Понадобилось три раунда травли, чтобы я, наконец, ушла из движения. Наконец, в конце 1969 года, я почувствовала себя насколько психологически опустошенной, что я просто не могла продолжать дальше. Все это время я считала свой опыт результатом личных конфликтов или политических разногласий, которые можно разрешить со временем, если приложить достаточно усилий. Но чем больше я старалась, тем хуже становилось положение дел, пока мне не пришлось смириться с неоспоримой реальностью – проблема не в том, что я делаю, а в том, кто я такая.

Эта мысль доносилась до меня так тонко, что я так и не смогла заставить кого-нибудь заговорить об этом напрямую. Не было никаких крупных разборок, только маленькие шпильки. Сами по себе они были незначительными, но все вместе они чувствовались как тысячи отметин хлыста. Шаг за шагом я подвергалась остракизму: если писалась совместная статья, мои попытки внести свой вклад игнорировались; если я писала статью, то никто ее не читал; если я говорила на встречах, то все вежливо слушали, а потом возвращались к прежнему разговору, как будто я ничего не говорила; дату встречи переносили, а мне ничего не сообщали; если была моя очередь координировать работу по проекту, никто не предлагал помощь; меня не включали в рассылки почты, а если я обнаруживала, что меня нет в списке получателей почты, мне говорили, что я просто не там смотрела. Однажды моя группа решила провести совместное мероприятие по привлечению средств, чтобы оплатить поездку наших членов на конференцию, пока я не сказала, что хочу поехать, и после этого было решено, что каждая сама по себе (по правде сказать, одна участница потом позвонила мне, чтобы предложить 5 долларов для компенсации расходов, при условии, что я никому не расскажу об этом. Ее начали травить через пару лет).

Моей первой реакцией на происходящее было недоумение. Я чувствовала, что я брожу с завязанными глазами по полю, полному острых предметов и ям, в то время как все вокруг заверяют меня, что я иду по гладкой зеленой поляне. Я словно случайно забрела в какое-то другое общество, которое действует по неведомым мне правилам, которых я не знаю и знать не могу. Когда я пыталась обсудить то, что происходит, в группе(группах), они или отрицали реальность моих впечатлений, уверяя, что все нормально, либо отмахивались от отдельных инцидентов, как от мелочей (которыми они и были по отдельности). Одна женщина действительно призналась в частном телефонном разговоре, что со мной плохо обращаются. Однако она никогда не поддерживала меня публично, и честно призналась, что она не будет этого делать из страха перед неодобрением группы. Потом ее начали травить в другой группе.

Месяц за месяцем мне пытались вдолбить в голову: убирайся, движение говорит тебе: убирайся, убирайся! И однажды я призналась своей соседке по квартире, что мне кажется, будто я перестала существовать, что я лишь продукт своего собственного воображения. В этот момент я поняла, что должна уйти. Мой уход прошел очень тихо. Я сказала паре людей и перестала приходить в Женский центр. Никто мне не звонил, никто не присылал мне писем, никто не обсуждал это на местной мельнице слухов. Половина моей жизни была предана забвению, и никто не думал об этом кроме меня.
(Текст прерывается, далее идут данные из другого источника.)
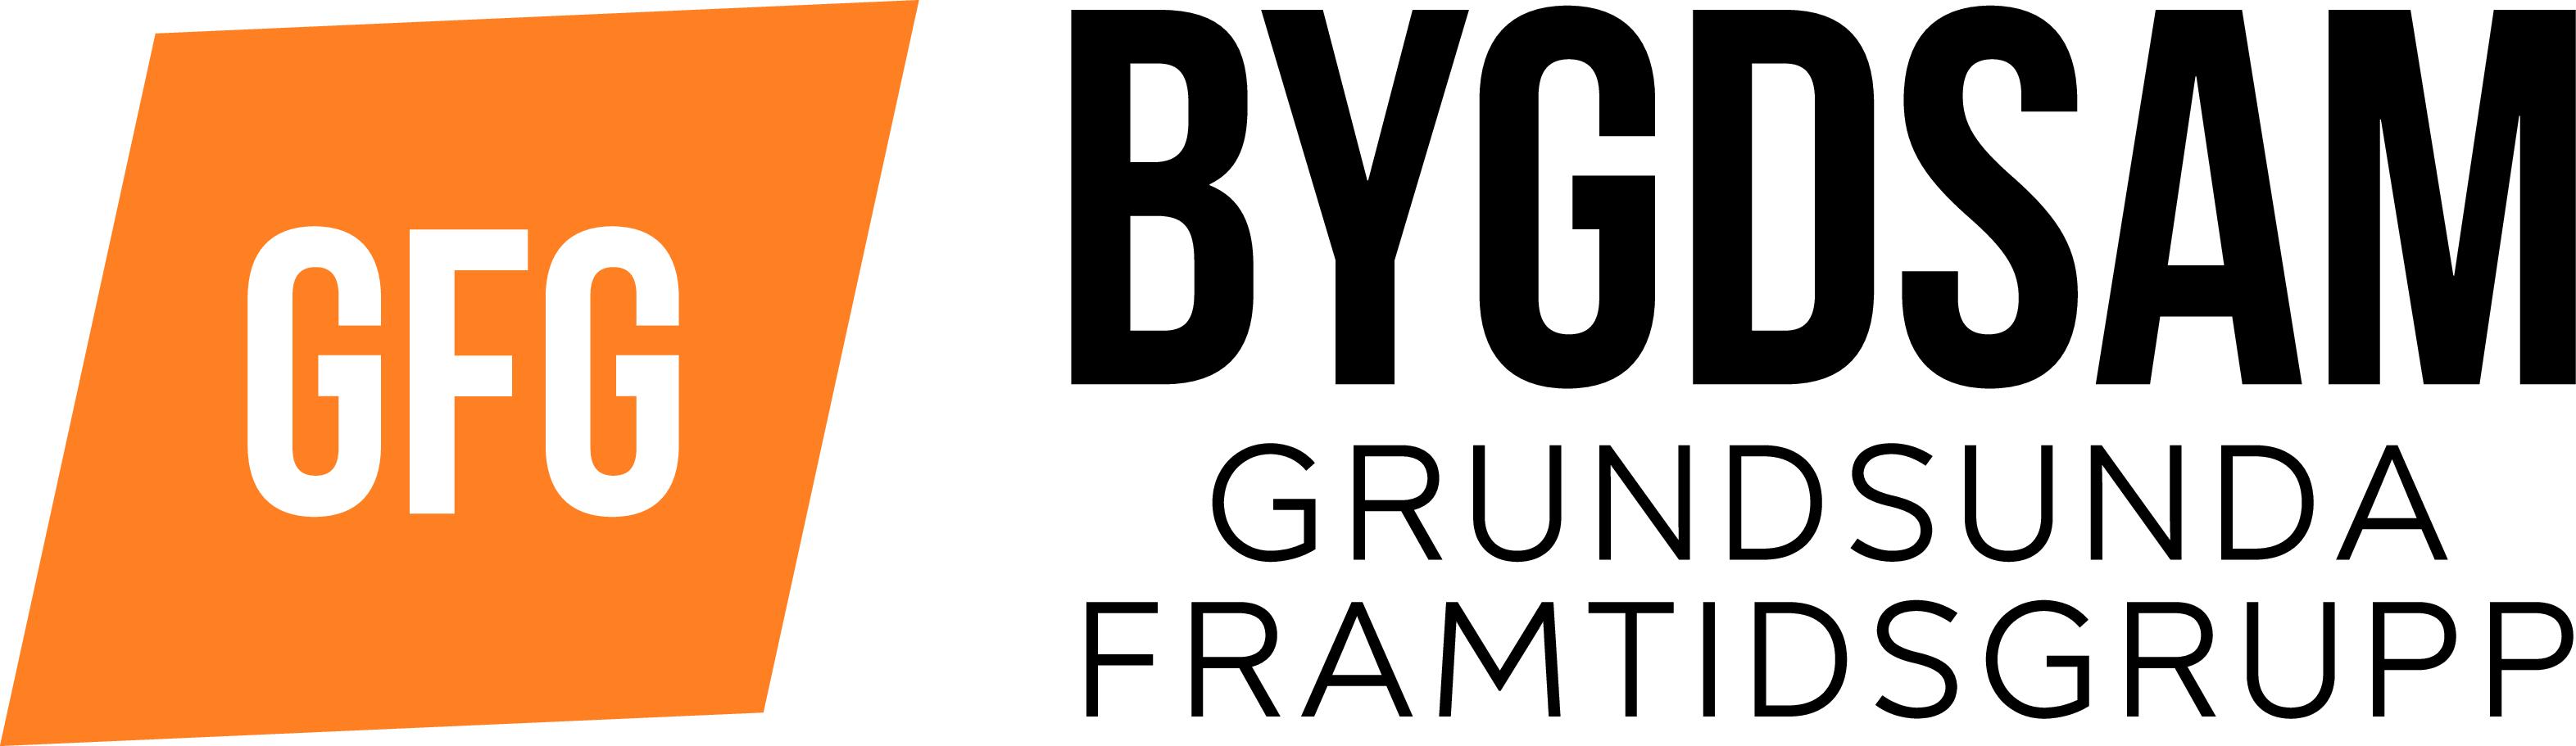 GFG BYGDSAM

Три месяца спустя было объявлено, что от меня отрекся Чикагский союз освобождения женщин, основанный после моего ухода из движения, поскольку я давала интервью местным газетам без их разрешения. Вот и все.
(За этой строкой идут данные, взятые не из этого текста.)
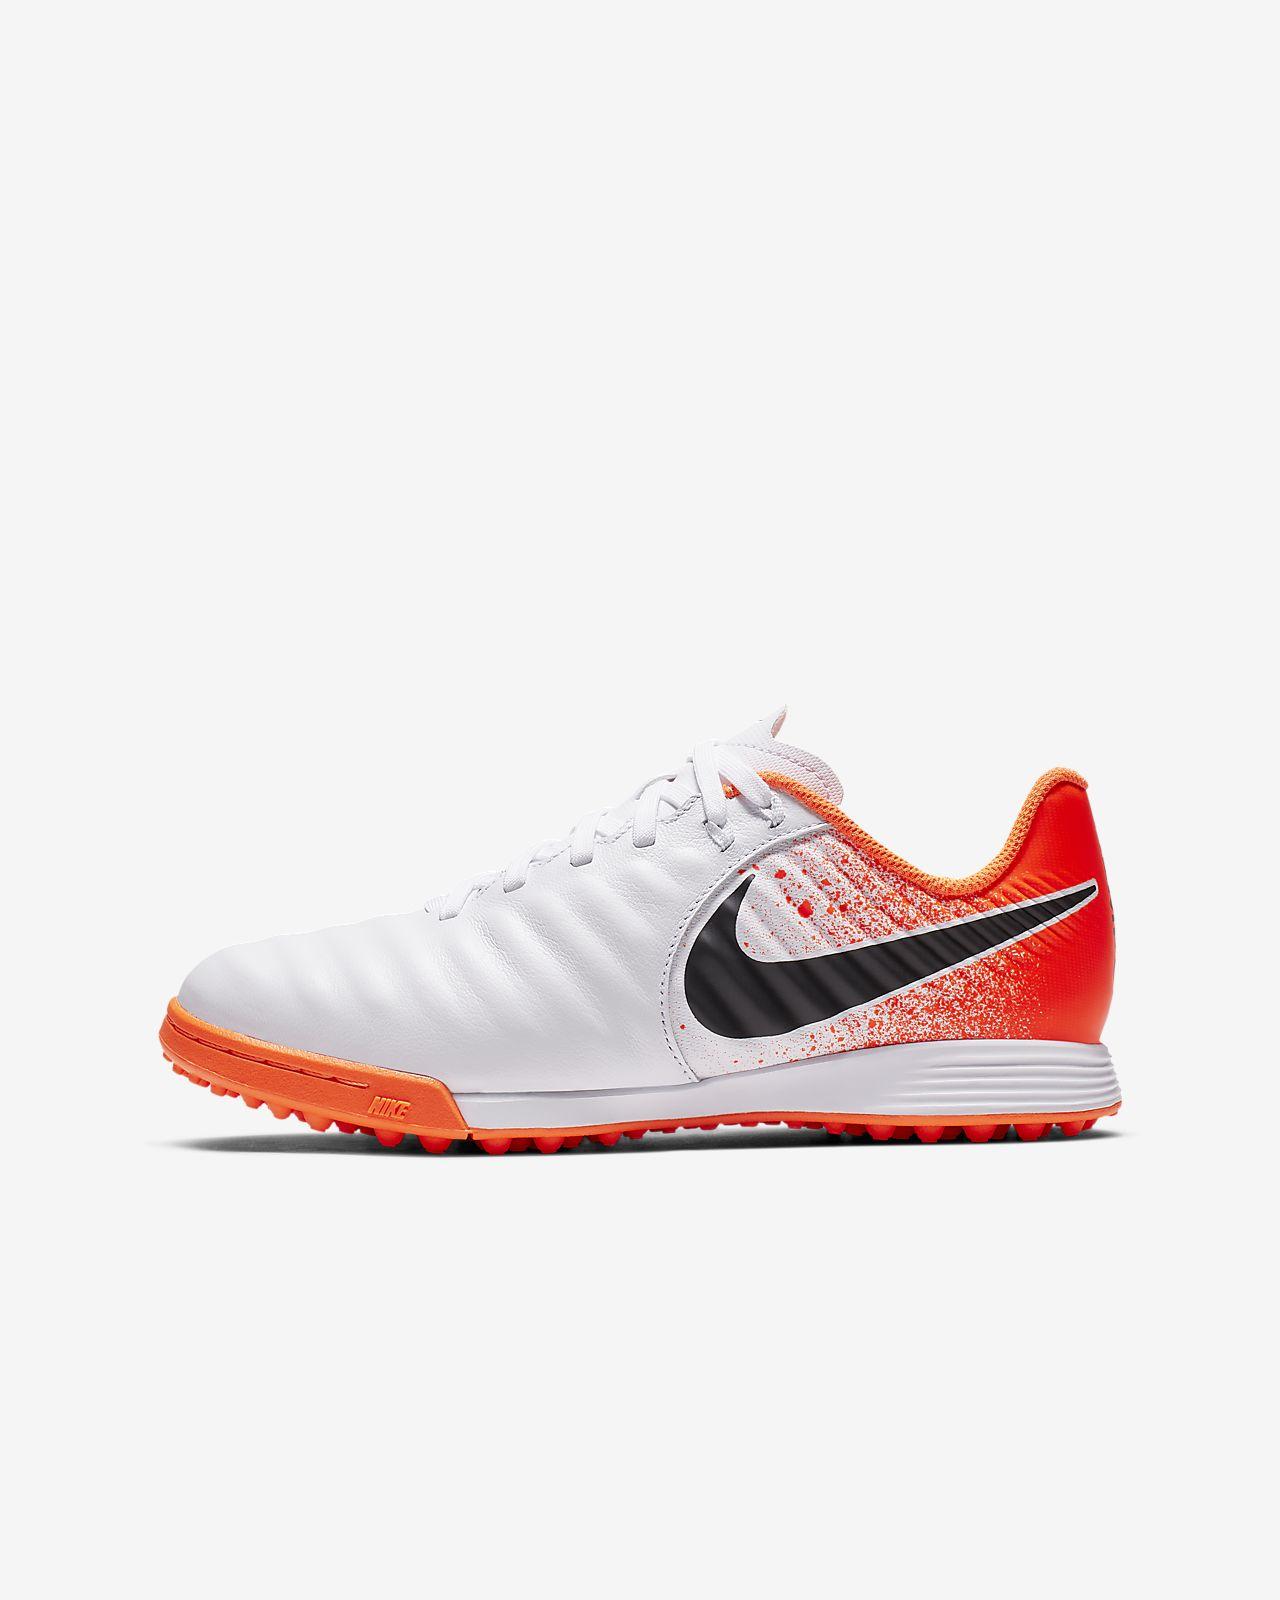 get cheap dc728 f7f45 ... Nike Jr. Tiempo Legend VII Academy TF Fußballschuh für Kunstrasen für  jüngere/ältere Kinder

Хуже всего было то, что я не понимала, почему все это так сильно на меня повлияло. Я пережила взросление в очень консервативном, конформистском, сексистском пригороде, где мое право на собственную идентичность постоянно подвергалось нападкам. Необходимость постоянно защищать свое право быть собой закалило, но не поколебало меня. Моя кожа стала еще толще благодаря опыту в различных политических организациях и движениях, где я научилась использовать риторику и споры как инструменты политической борьбы, и я всегда могла понять, если личные конфликты пытались преподнести как политические разногласия. Подобные конфликты обычно преподносились обезличенно, как нападки на чужие идеи, и хотя они были контрпродуктивны, они не были столь разрушительны, как те, что я наблюдала в феминистском движении. Можно изменить свои идеи, если они подвергаются нападкам. Гораздо труднее изменить свою личность. Уничтожение чужой личности использовалось в политических движениях очень редко, его считали недопустимым, а потому его степень и эффективность были ограничены. А поскольку действия людей считались важнее, чем их личные особенности, подобные нападки редко приводили к полной изоляции. И даже если кто-то до них опускался, они редко задевали за живое.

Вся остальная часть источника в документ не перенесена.